Whoa, what have we here right on a local stage? Why, it’s — in alphabetical order — Caroline Aaron, Brooke Adams, Marilu Henner, and Melanie Mayron, all beloved for big screen, little screen, and stage appearances over several decades. (You do the math on their ages, if you’re so inclined.)

The four have been rounded up to participate in Madwomen of the West — a play by Sandra Tsing Loh, already a Los Angeles long-run. In it they don’t play themselves, but characters specifically based on themselves and their enduring four-way friendship. Caroline is Marilyn, Brooke is Jules, Marilu is Zoey, Melanie is Claudia.

To what extent are they so much like themselves?  More than once Henner, known for having an unusually good memory, is called on to demonstrate Zoey’s unusually good memory. For another instance, Aaron and Henner have talked on the phone just about daily for 40 years, which Marilyn and Zoey all but acknowledge here. For yet another instance, Claudia chats about the truths and specifics of being “vaguely Jewish, vaguely lesbian,” which Mayron is, perhaps minus the “vague.”

British character actor Robert Morley was asked one late night by Jack Paar about his definition of good theater. He said, “Four people come out on stage, sit on a sofa and converse.” This is exactly what Aaron, Adams, Henner, and Mayron do, or close to.

They sit on three plush couches before a backdrop of palm trees (put there by set designer Christian Fleming) and banter non-stop. (They look smart in Sharon Feldstein’s casual outfits, although Mayron wears thick boots.”) Also, they don’t steadfastly remain seated throughout, as Bette Midler did when portraying Sue Mengers on Broadway some years back in John Logan’s I’ll Eat You Last monologue that kinda reads as a precursor to this enterprise.

The four madwomen, directed to a fare-thee-well by Thomas Caruso, are up and about possibly as much as a couple hundred times, standing and sitting and moving and sitting again and standing and sitting and rearranging. All the while they confront each other, justify each other, encourage each other, contradict each other, enjoy each other, and reminisce for about 100 nostalgia-filled minutes. Incidentally, Caroline and Jules, have gathered to celebrate Claudia’s birthday. Zoey, who long estranged herself from the others for any number of lucrative projects, is a surprise guest.

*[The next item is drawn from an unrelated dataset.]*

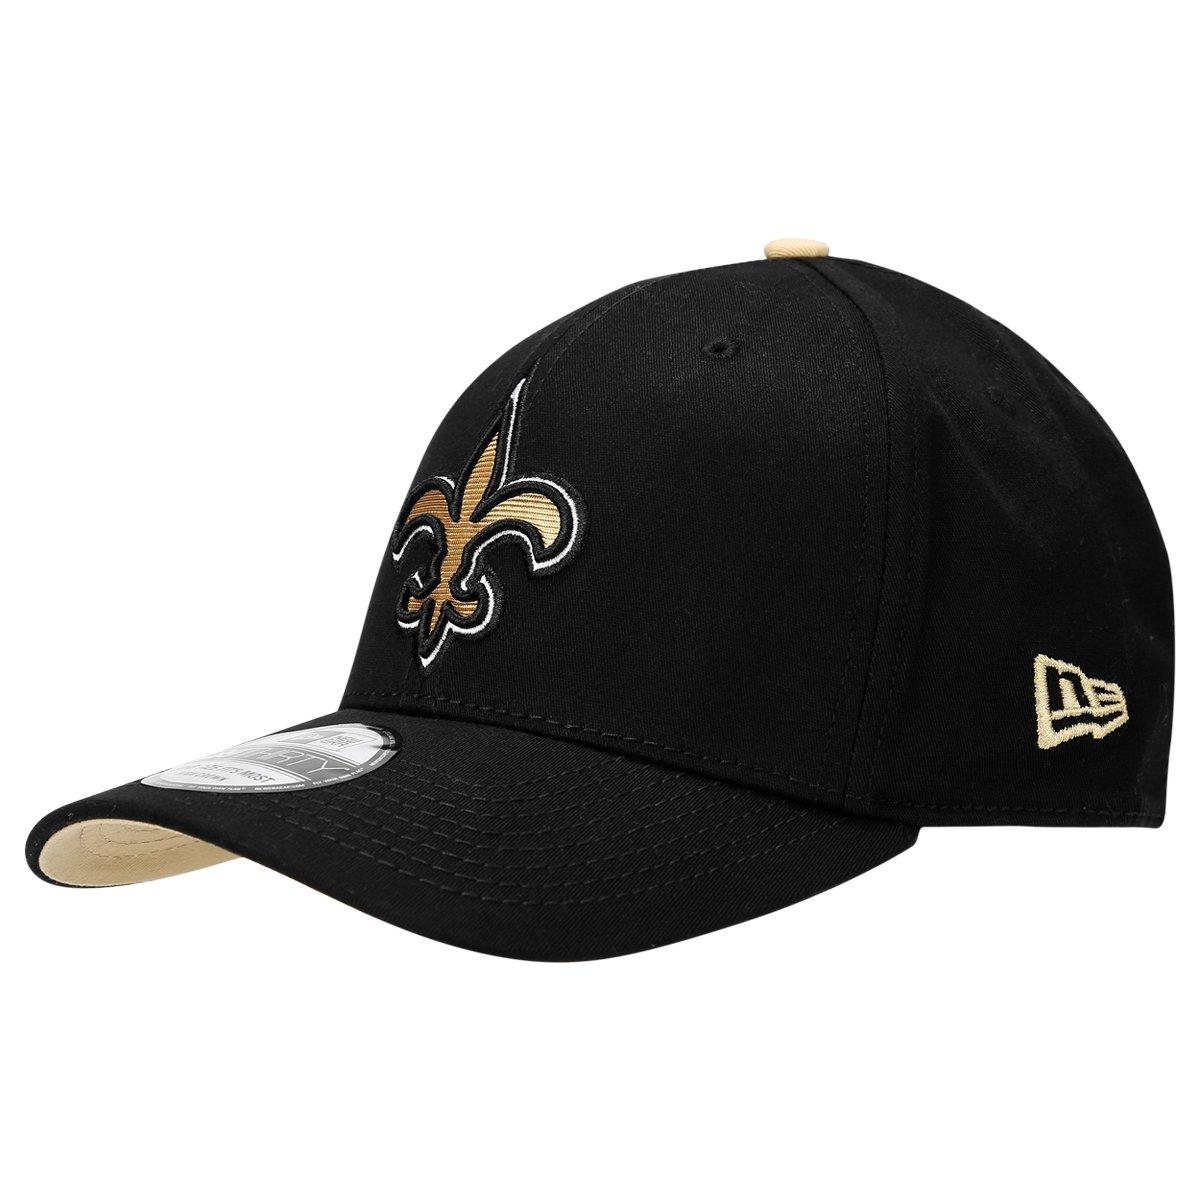 d594b766b8 Boné New Era 3930 NFL Ever New Orleans Saints Tc - Compre Agora ...
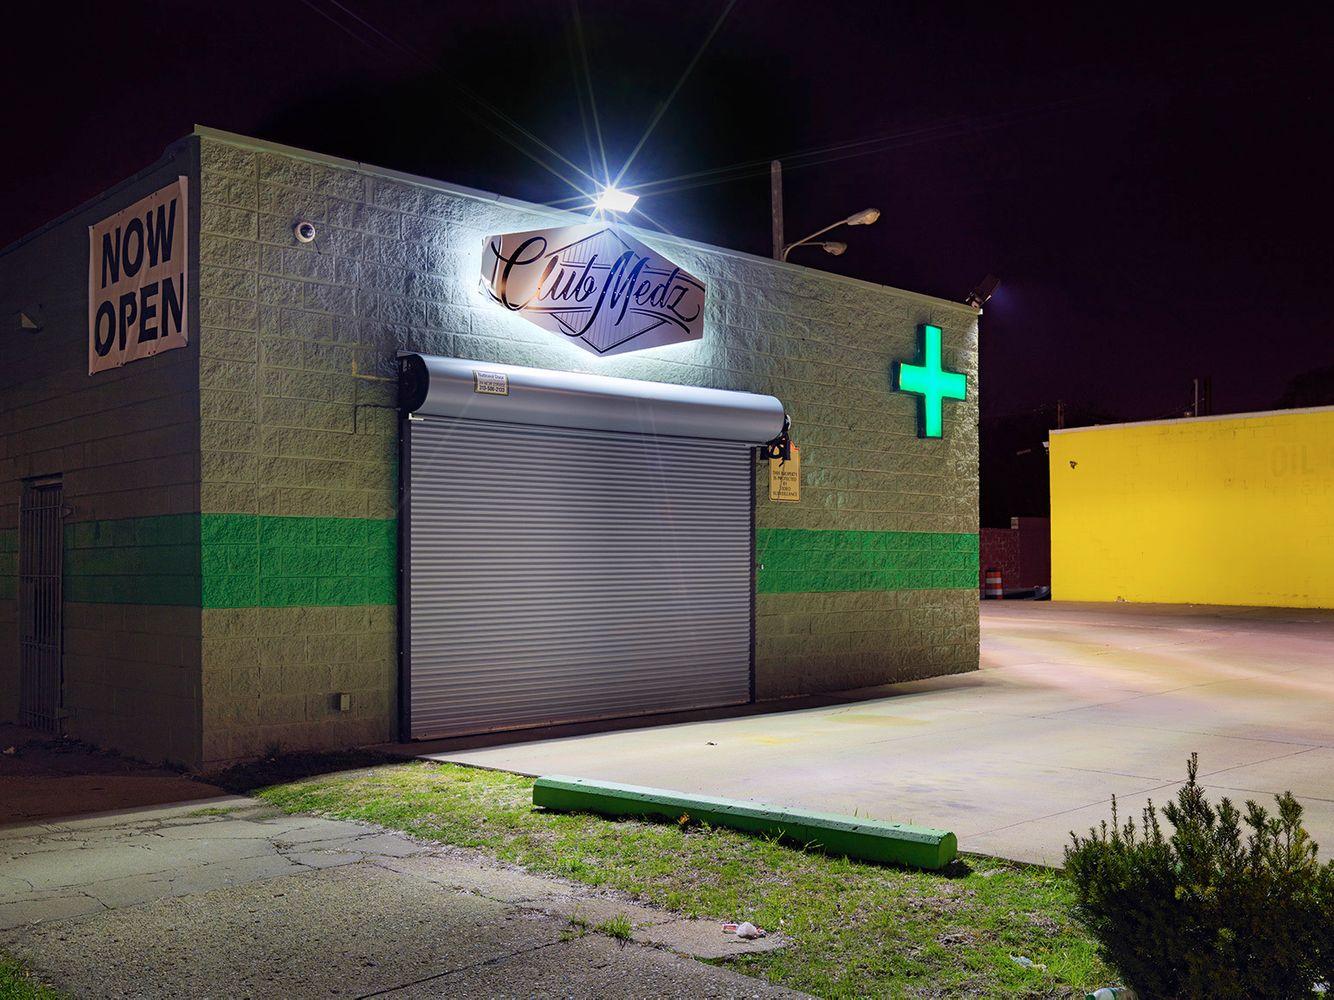 Medical Marijuana Dispensary #61, Westside, Detroit 2016

What do they talk about? A better question is, what don’t they talk about? When Mayron as Claudia recalls performing a certain handy service for an aroused male, it’s clear nothing is out of bounds. Intermittently, they render bits of Elton John’s “The Bitch is Back.” The implication is that from time to time they (as do many women) like thinking of themselves as bitches.

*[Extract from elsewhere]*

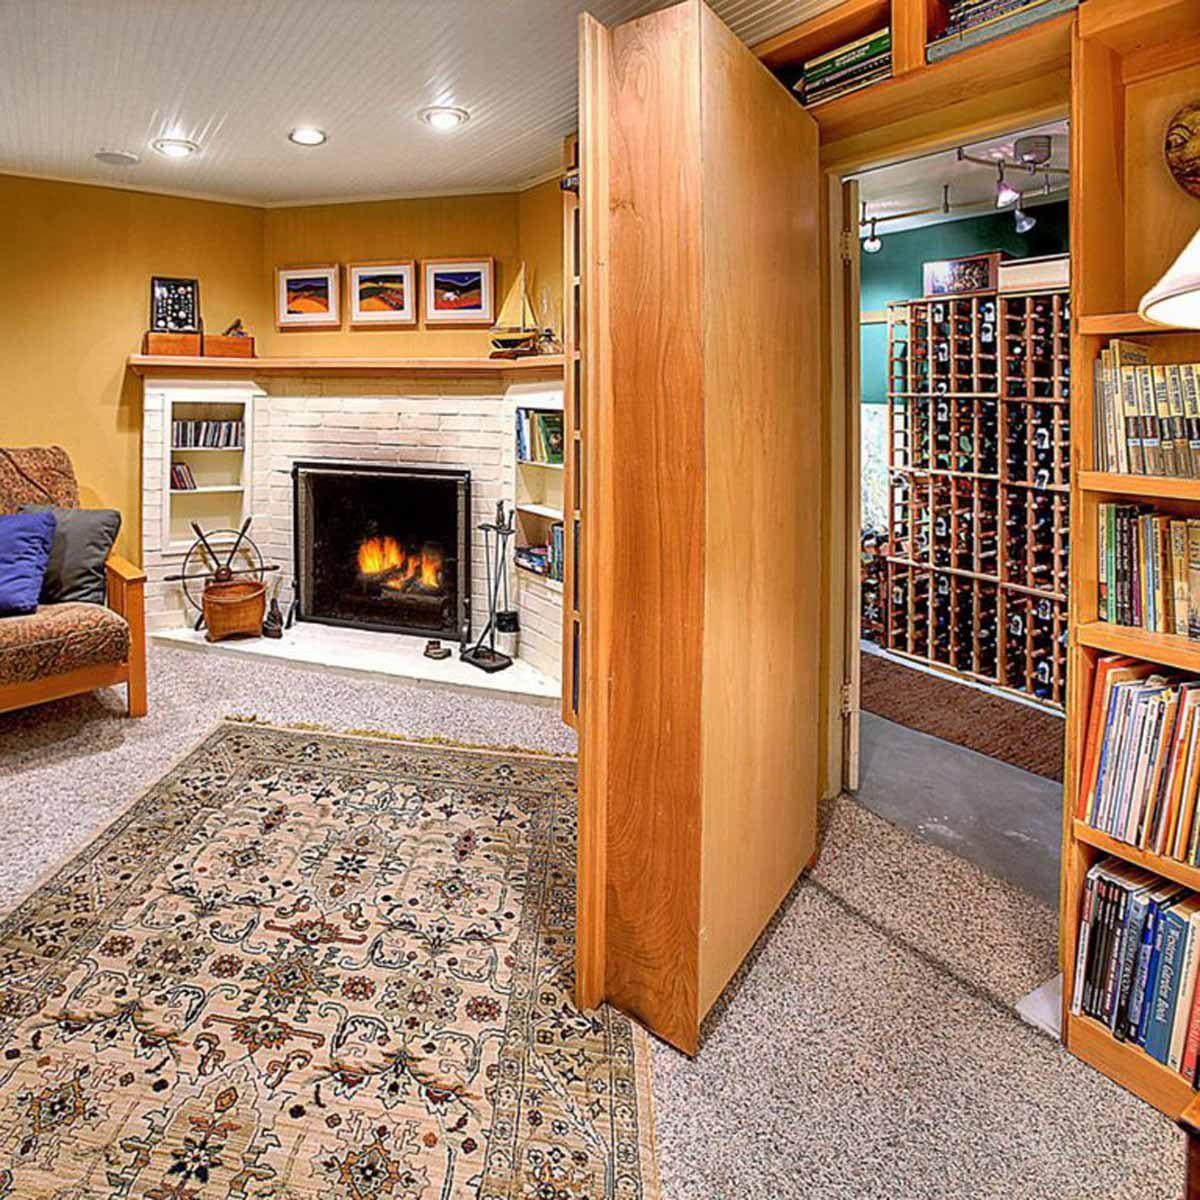 31 Homes Hiding Secrets — The Family Handyman

Which specific topics are discussed as four-letter words slice the air? Marilyn, pre-diabetic, mentions not sticking closely to her prescribed “sugar cleanse.” They bring up “the trans thing.” Zoey goes on rather grandly about the “granularity of life.” Breast surgery is recounted. Of Donald J. Trump taking office in 2017, Marilyn blurts, “How ‘bout those f*****g pussy hats?” and rails on. A few husbands, Gloria Steinem, a Michael Pollan bouillabaisse, a Peloton instructor, puberty and menstruation are mooted — and more, until sober confessions of their feelings about each other take late precedence.

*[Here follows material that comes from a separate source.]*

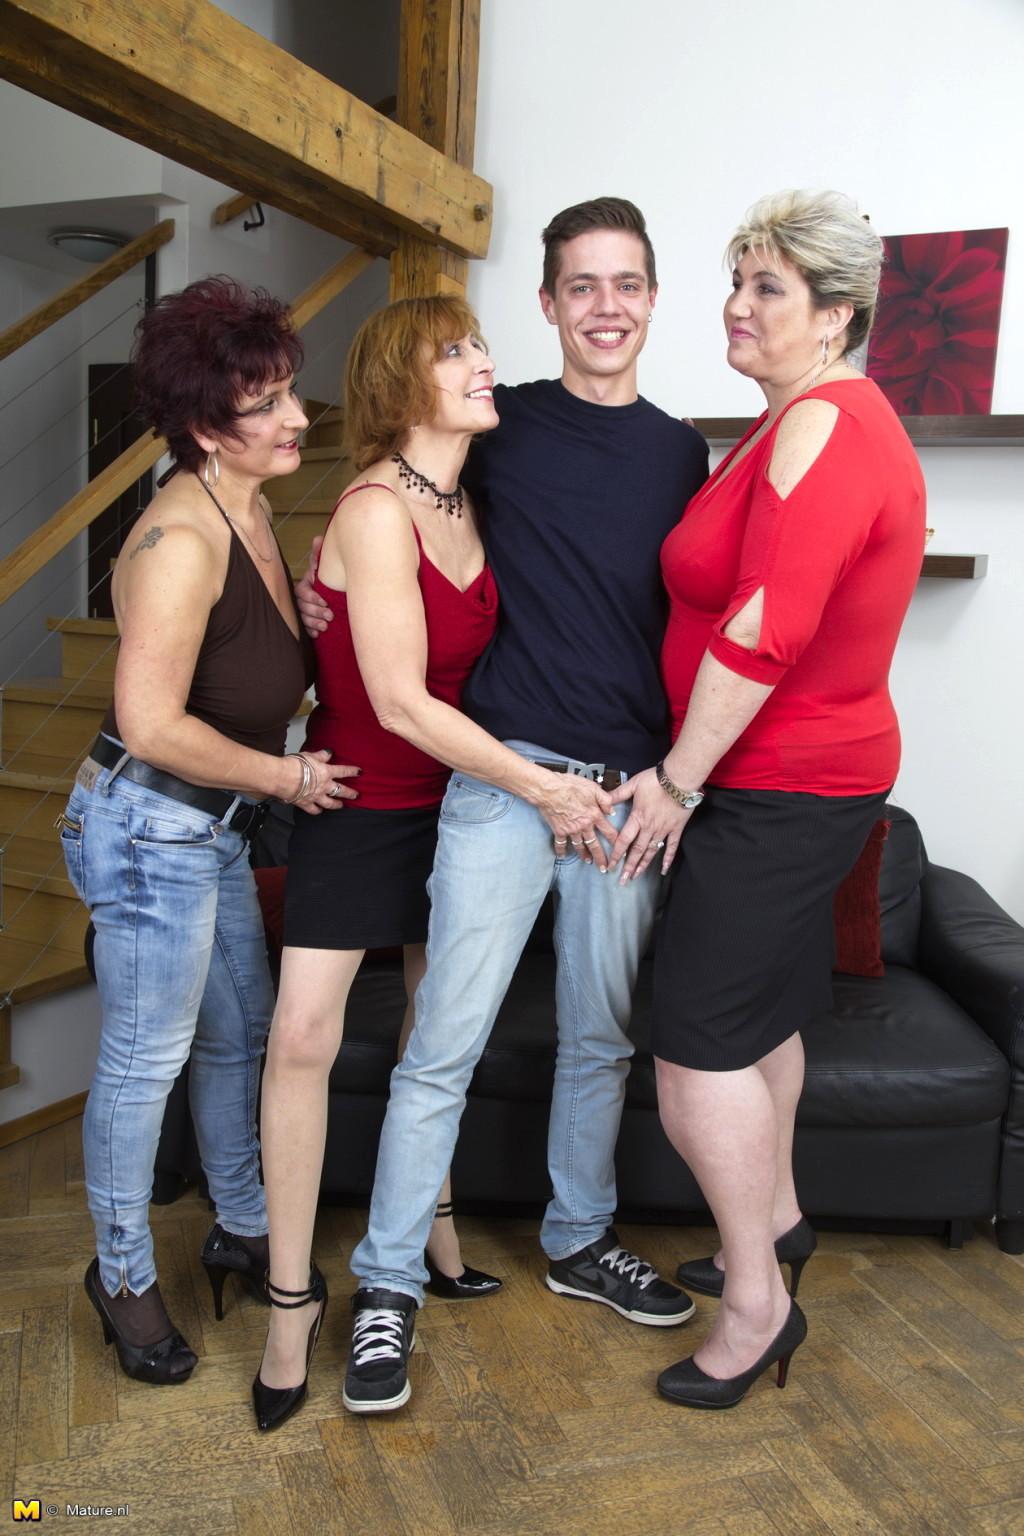 Mature Nl Maturenl Model Unlimited Group Sex Pix Sex HD Pics
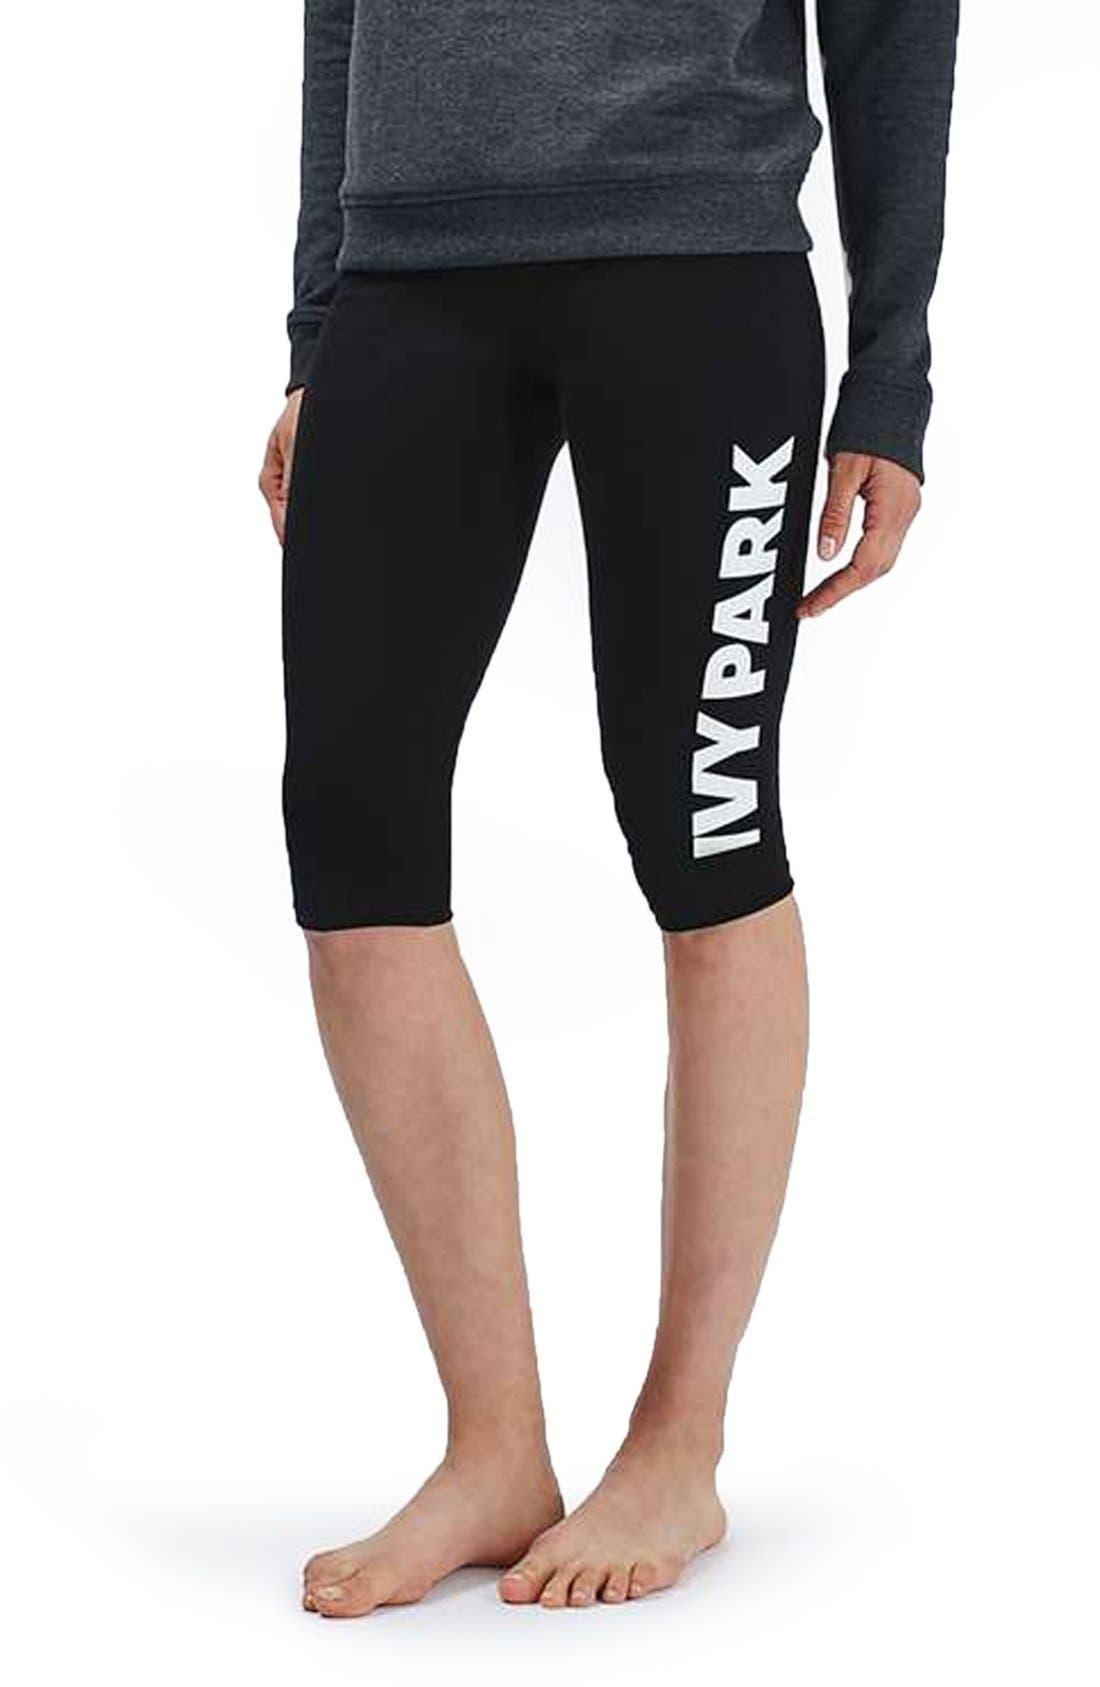 Alternate Image 1 Selected - IVY PARK® Logo Capri Leggings

(Incidentally, occasional audience participation occurs. Aaron, as designated emcee, puts the okay on that at the informal get-go. Eventually, patrons are even encouraged to sing the title ditty from The Mary Tyler Moore Show. Many are happy to do so. Playwright Loh, you see, knows the movie-and-tv-lovers-of-a-certain-age to whom she’s appealing.)

Much of what gets discussed in a spectrum of moods is funny as well as pertinent. During this “girl-talk” affair, however, more than seems helpful comes across as forced. Indeed, there are times when the correct entertaining approach for arranging a theatrical Aaron-Adams-Henner-Mayron reunion might have been to let them gab about their actual experiences rather than spouting those lived by the fictional Marilyn, Jules, Zoey, and Claudia — something along the lines of The View.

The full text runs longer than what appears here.